╭─ Input data
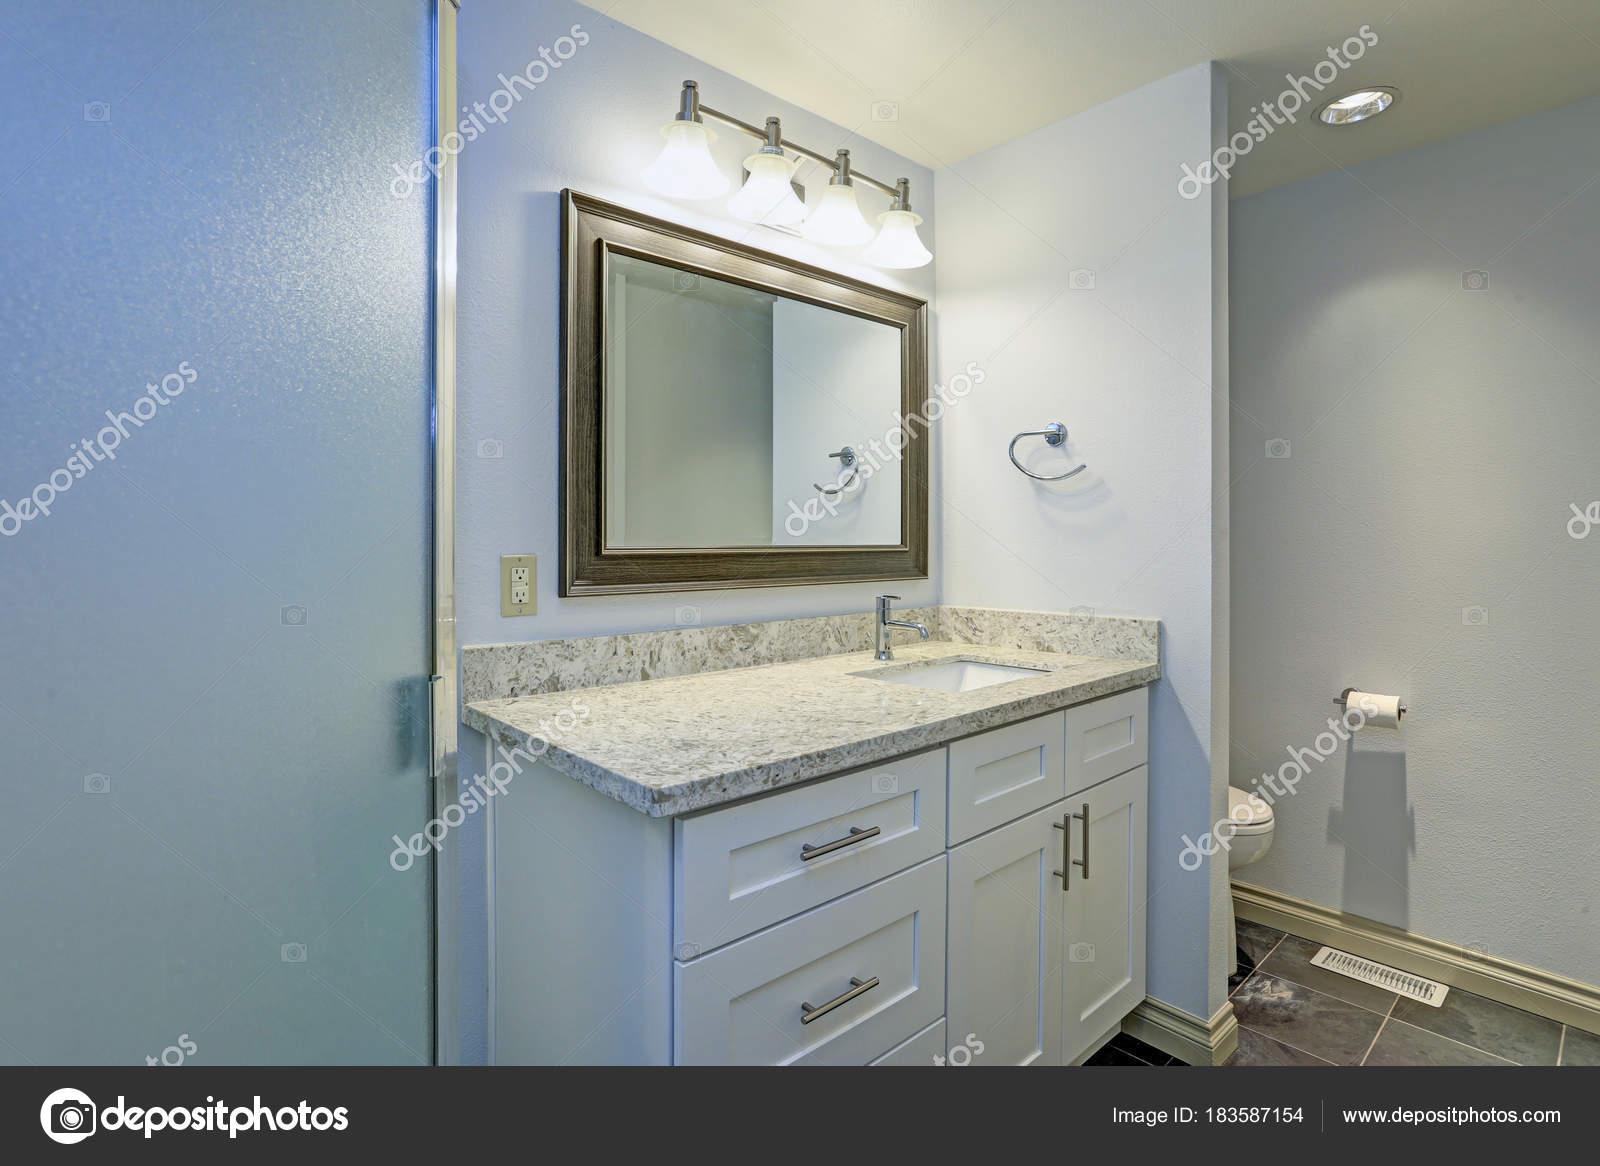 Sehr schönes Bad mit weichen blauen Wände malen Farbe — Stockfoto ...
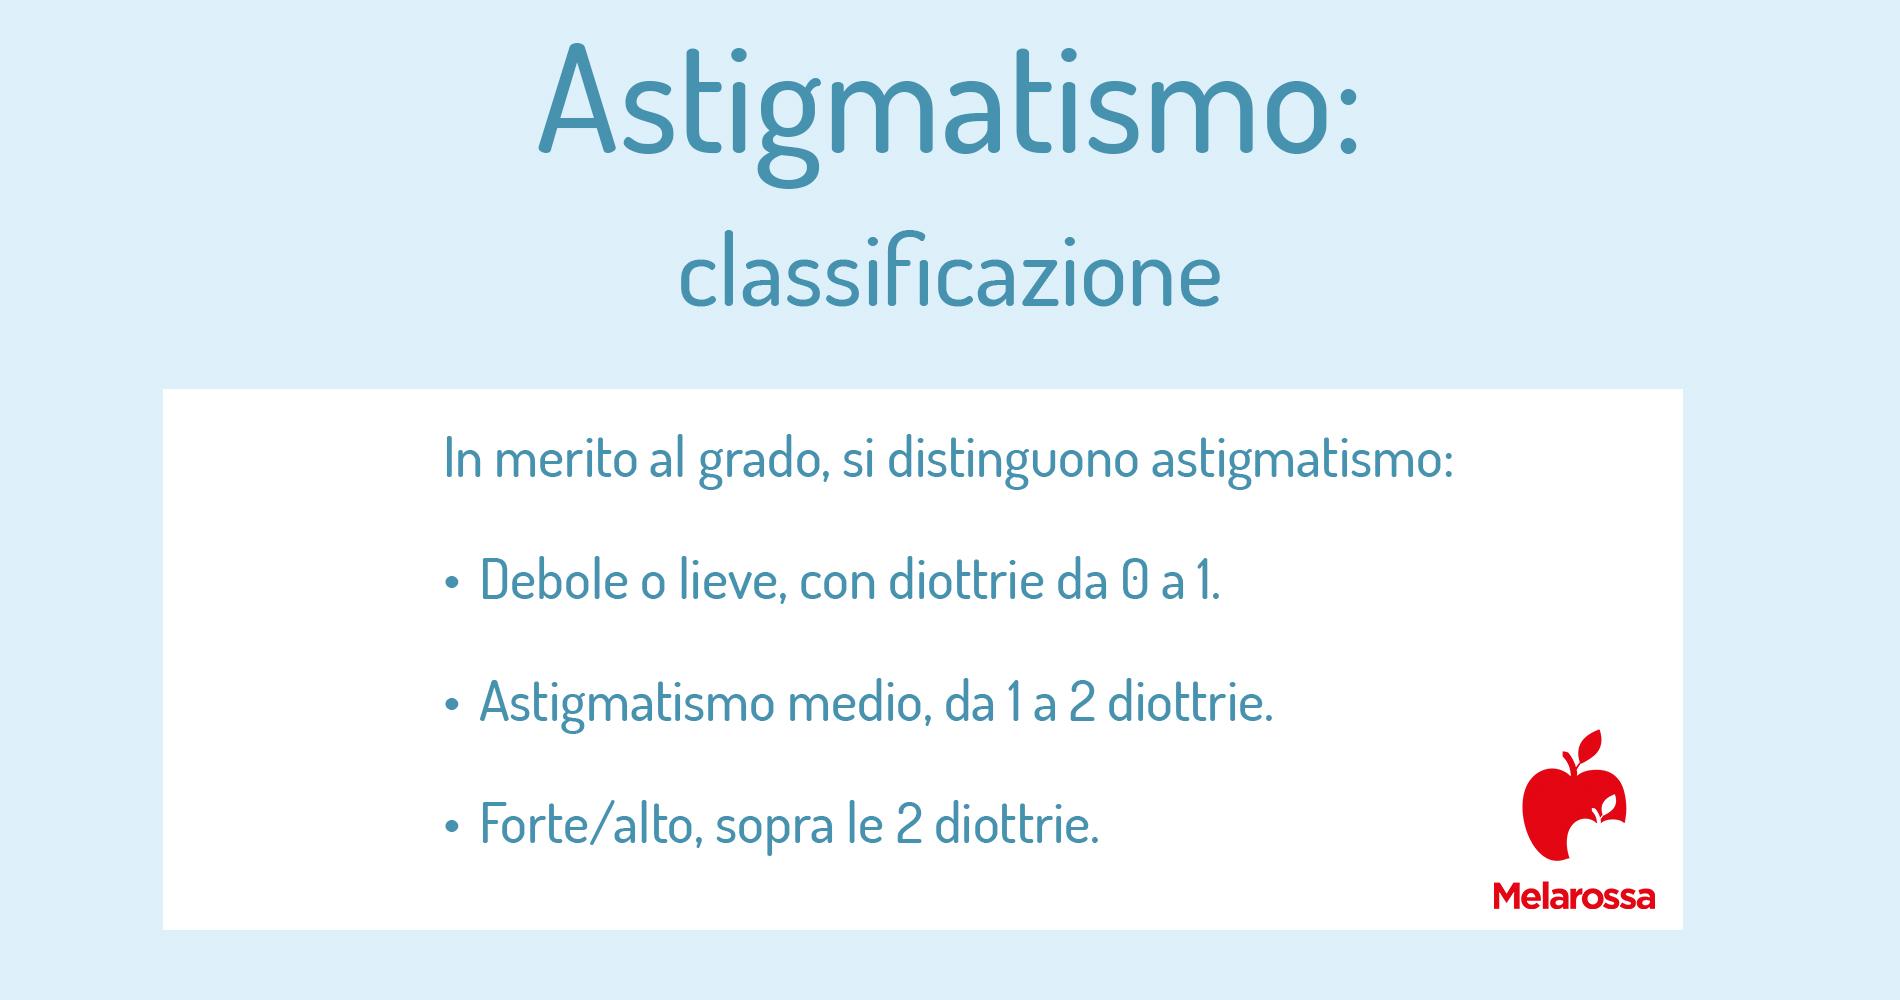 astigmatismo: classificazione
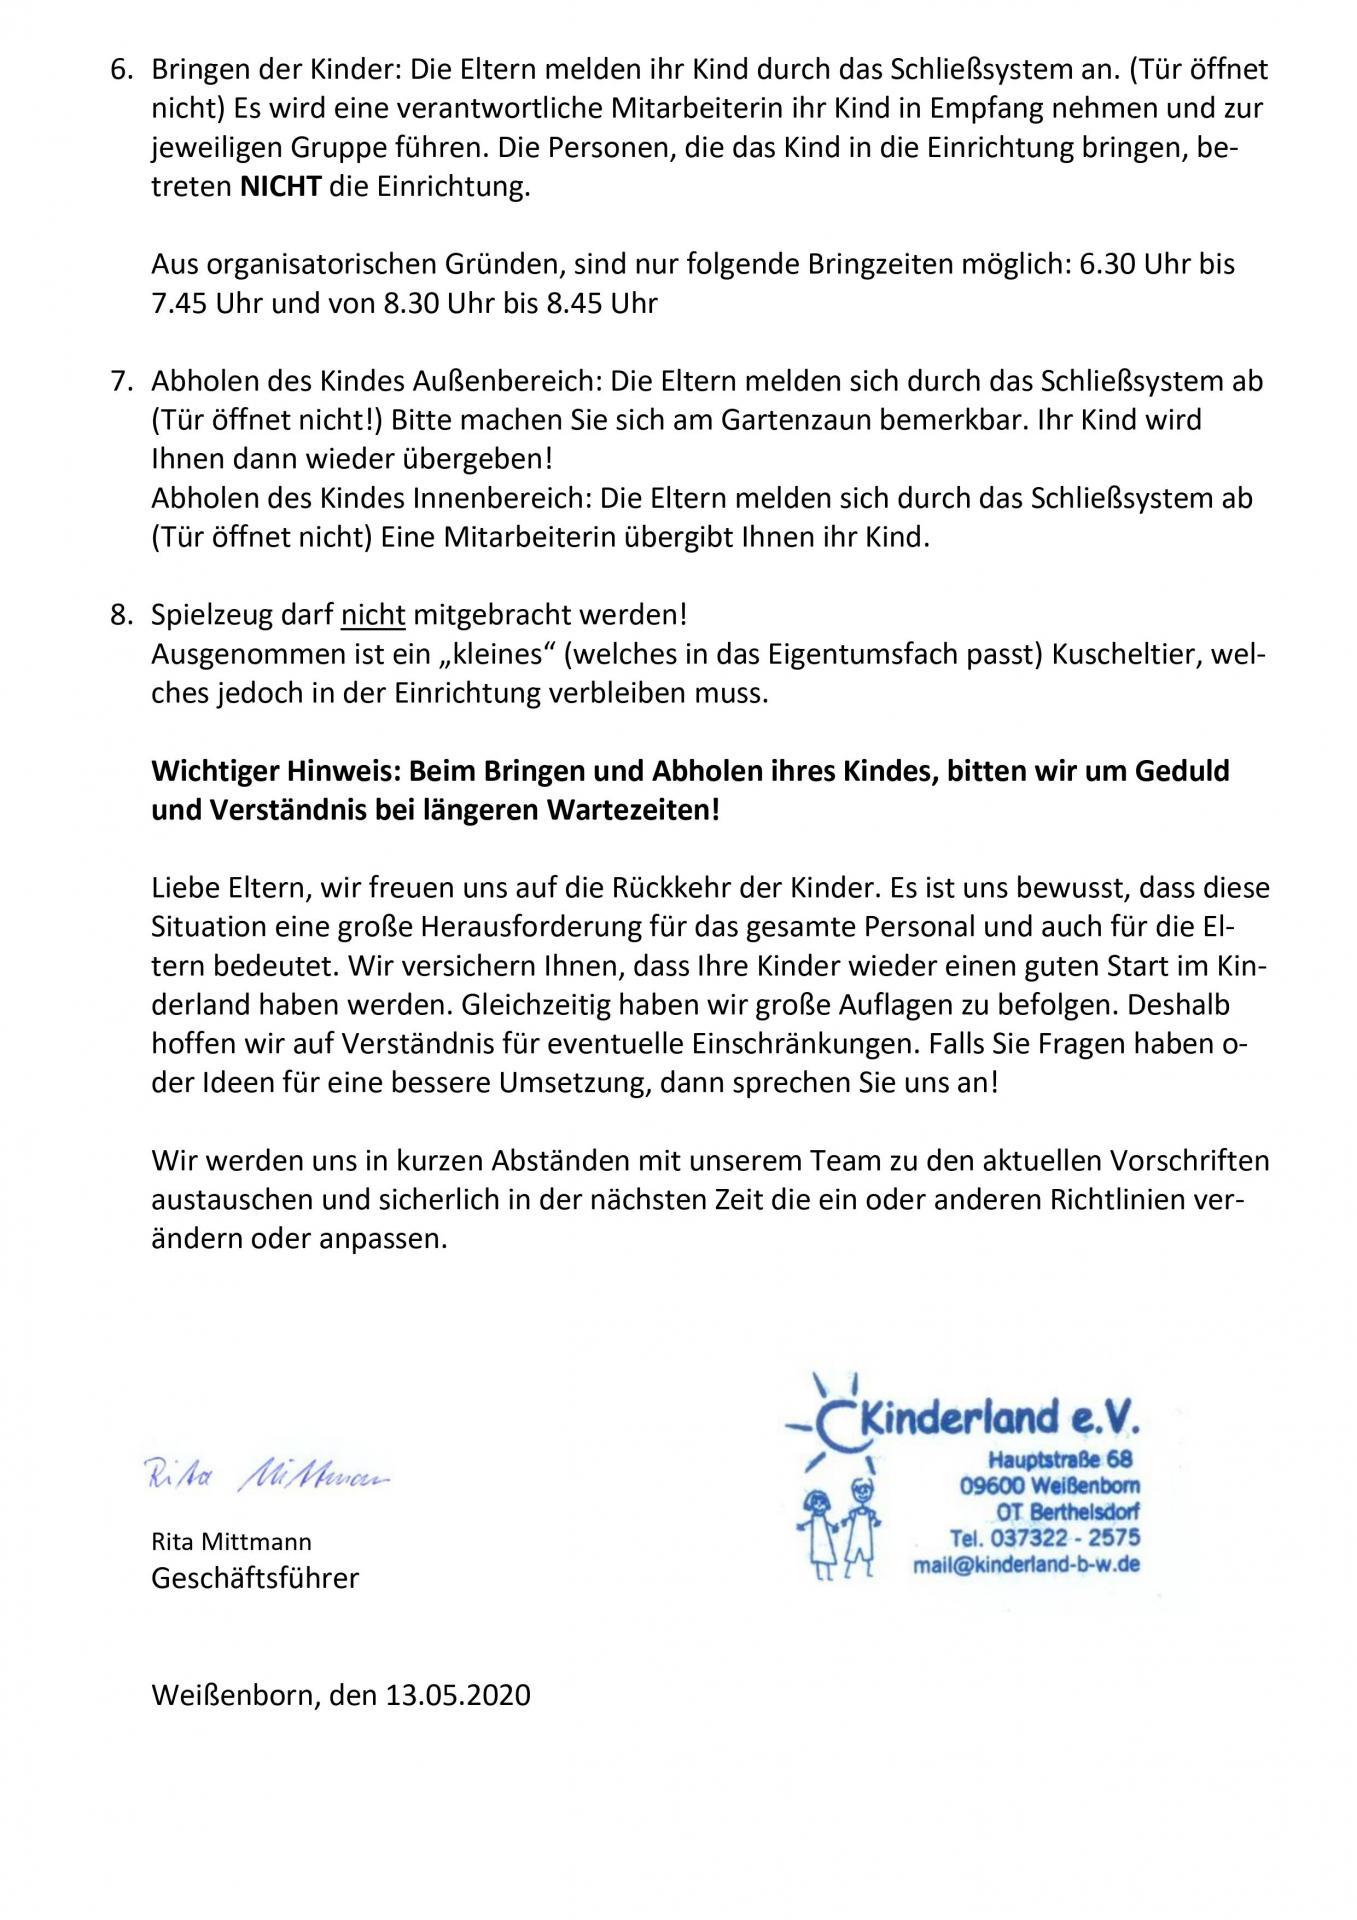 Weißenborn 2
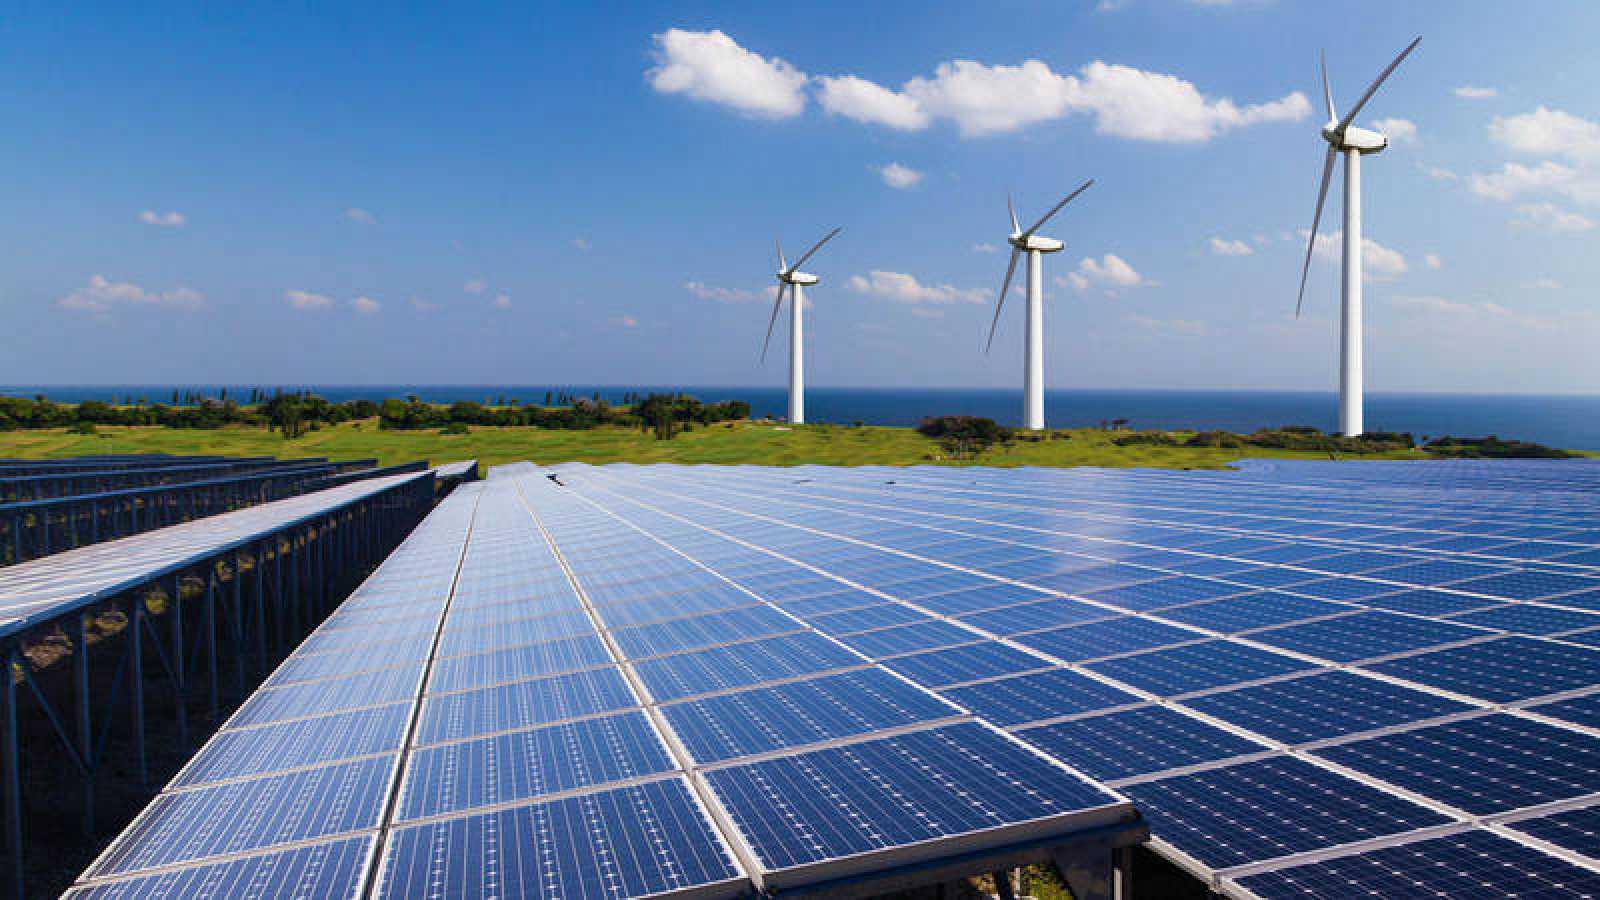 La inversión global en renovables en 2018 triplicó a la que se realiza en carbón y gas.
╰─
**Your task:**
From the first line to the last, output the data exactly; skip any pictures.

**Written response:**
 Sehr schönes Bad mit weichen blauen Wände malen Farbe — Stockfoto ...
 astigmatismo: classificazione
 Weißenborn 2
 La inversión global en renovables en 2018 triplicó a la que se realiza en carbón y gas.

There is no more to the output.